Острое, горячее выражение недоуменной оторопи на ее лице по мере того, как смотрела на нас, мало-помалу отвердевало, превращаясь в маску высокомерного отторжения.

Я чувствовал себя в своем выпускном костюме ожившим ископаемым времен бронтозавров.

– Ира, ее. где. можно? – проблеял Стас.

Казалось, он совершенно натуральным образом заглотил кость и та теперь стоит у него поперек горла.

– Иру? – Маска отчуждения на лице мотылька с очевидным усилием перелепилась в гримасу вынужденной приветливости. Что бы мне ни наплел Стас, некая Ира здесь водилась. – Ира! Подойди! – крикнула девушка в глубь квартиры, извергающей из себя гром незнакомой мне музыки и пенящийся прибой множества голосов.

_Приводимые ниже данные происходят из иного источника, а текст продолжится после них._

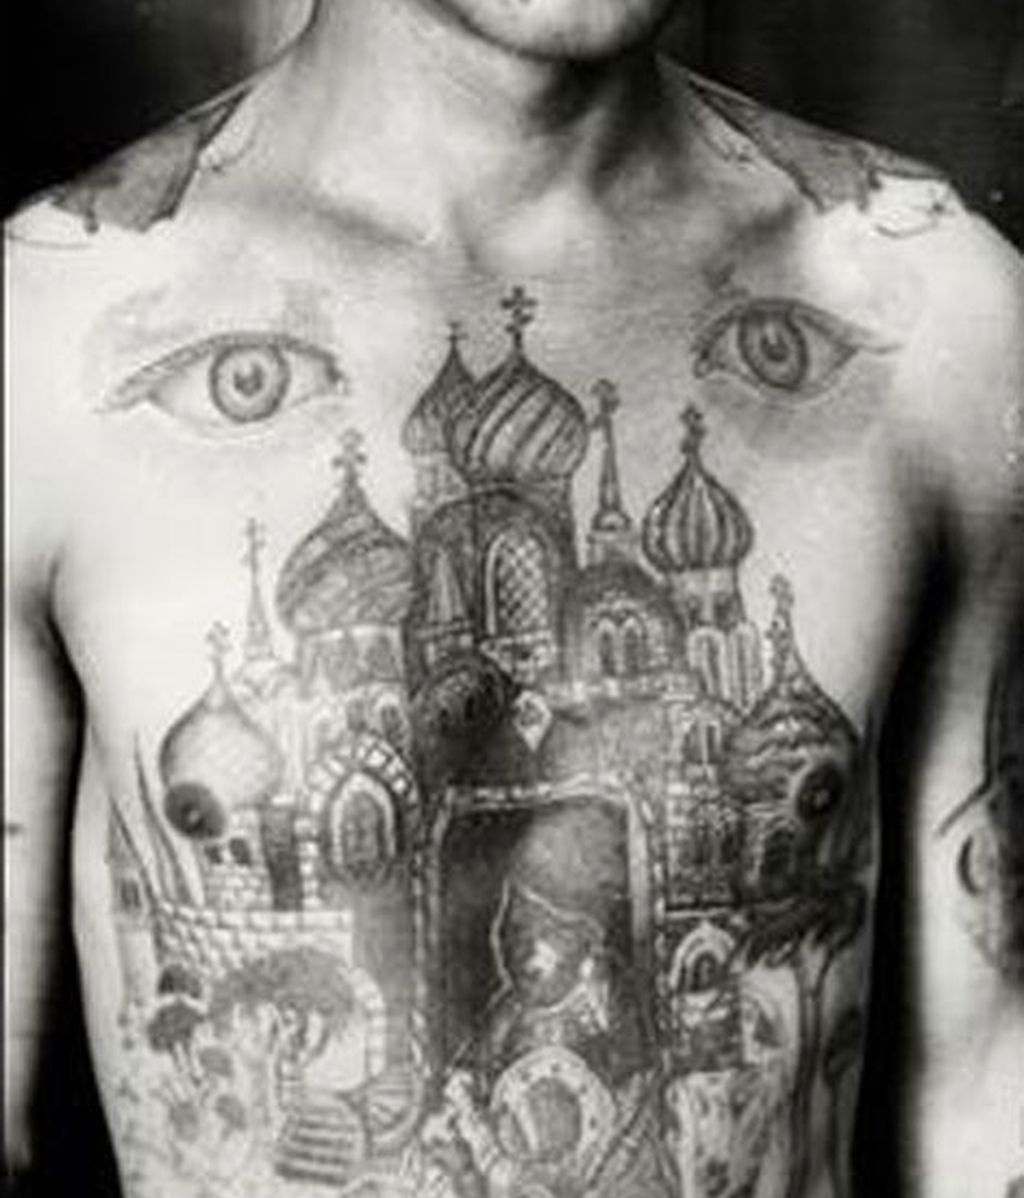 El lenguaje secreto de los tatuajes de los presos

Музыку там притушили, прибой голосов тоже резко сбавил в громкости, и через мгновение в прихожую, цокоча каблучками, выпорхнул новый мотылек. Вытащив при этом за собой целый мотыльковый шлейф. Впрочем, вперемешку с жуками; молодые люди, все как один, были при параде: черный низ, белый верх. Мы со Стасом оказались выставлены на всеобщее обозрение. Среди молодых людей я заметил и того, со снегом гималайских вершин. Глаза его светились готовностью, если что, постоять за свои права со всей решительностью. Эта же готовность горела и в глазах остальных.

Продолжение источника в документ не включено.